PÚBLICO DOMINGO, 23 DEZEMBRO 1990 >> Cultura


Annette Peacock deu concerto único em Lisboa

Fogo que arde sem se ver


Arde devagar a música de Annette Peacock, em combustão lenta.
O concerto de anteontem à noite na Aula Magna da Universidade de Lisboa foi assim – o contacto de uma voz lânguida que se elevou, devagar, de um corpo esguio e hierático, até à abóboda do firmamento.

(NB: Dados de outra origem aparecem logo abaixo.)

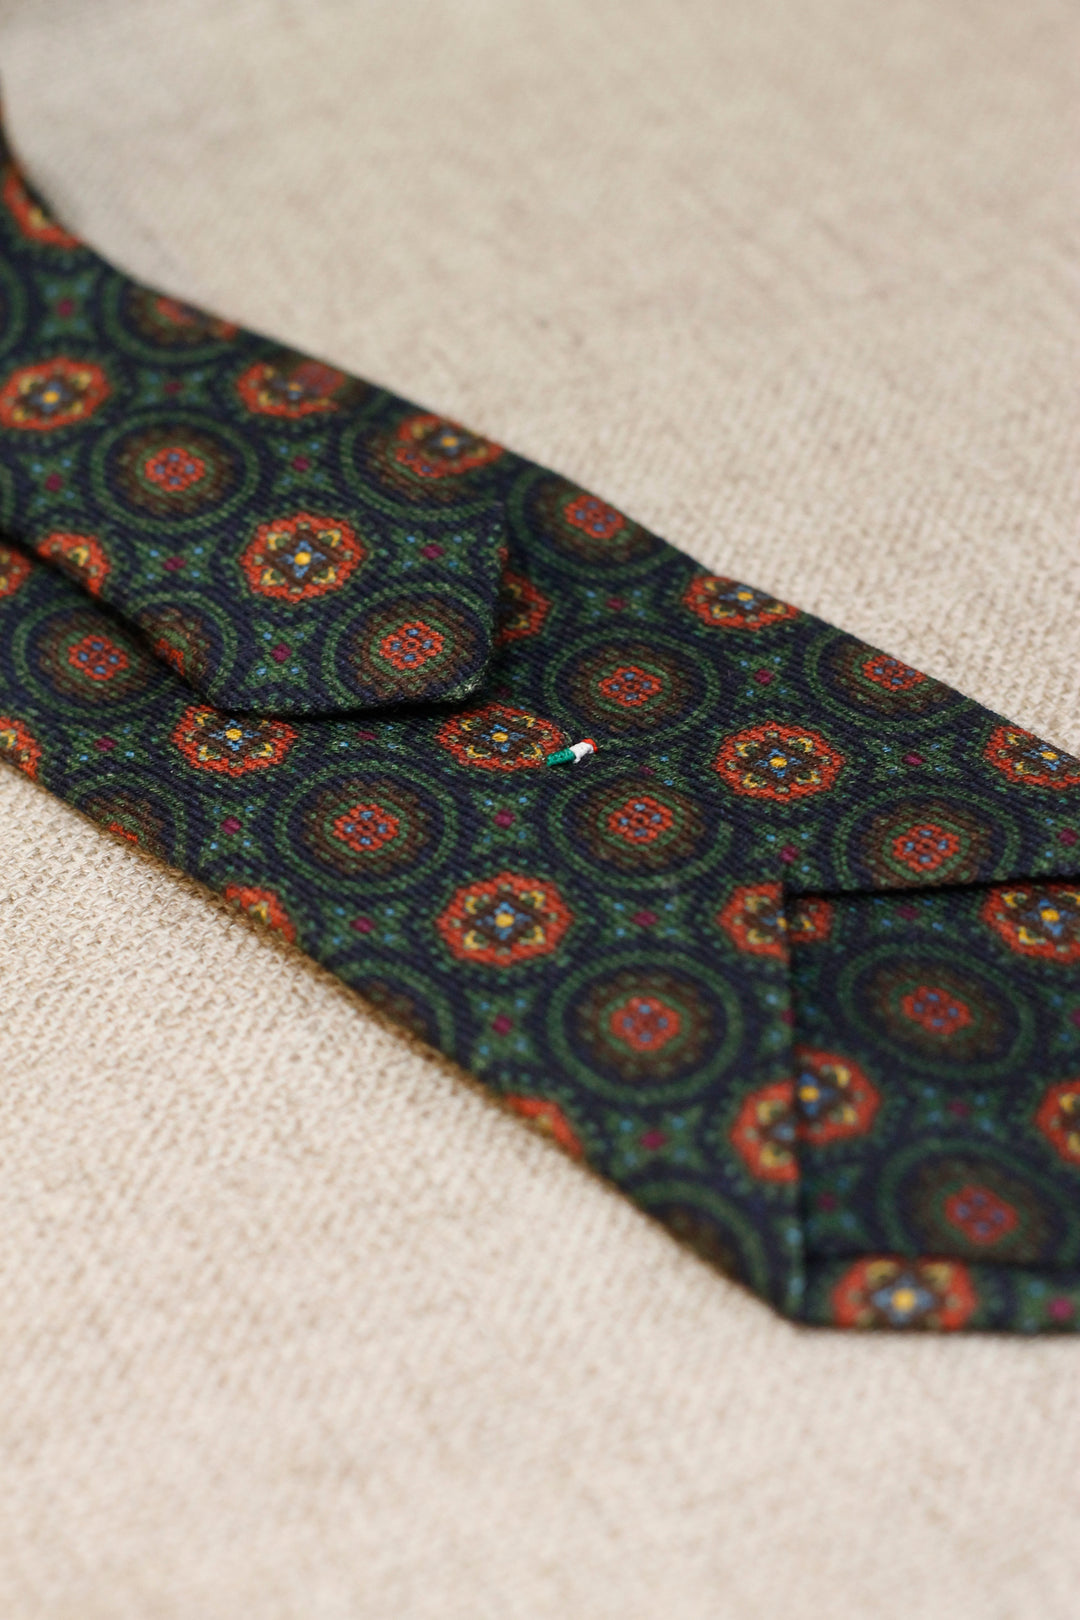 Napoli WOOL Tie Green Bottle Medallions XL Burgundy Yellow and Navy

Ao contrário do fogo, cuja queimadura é instantânea, o gelo leva o seu tempo para fazer arder. Mas queima na mesma. Vestida de negro, sapatos de salto alto, chapéu a envolver os cabelos escuros, a cantora americana Annette Peacock surgiu na sala como uma estátua, gelada e distante. Surgiu só e só permaneceu durante os primeiros temas – um sintetizador e uma voz.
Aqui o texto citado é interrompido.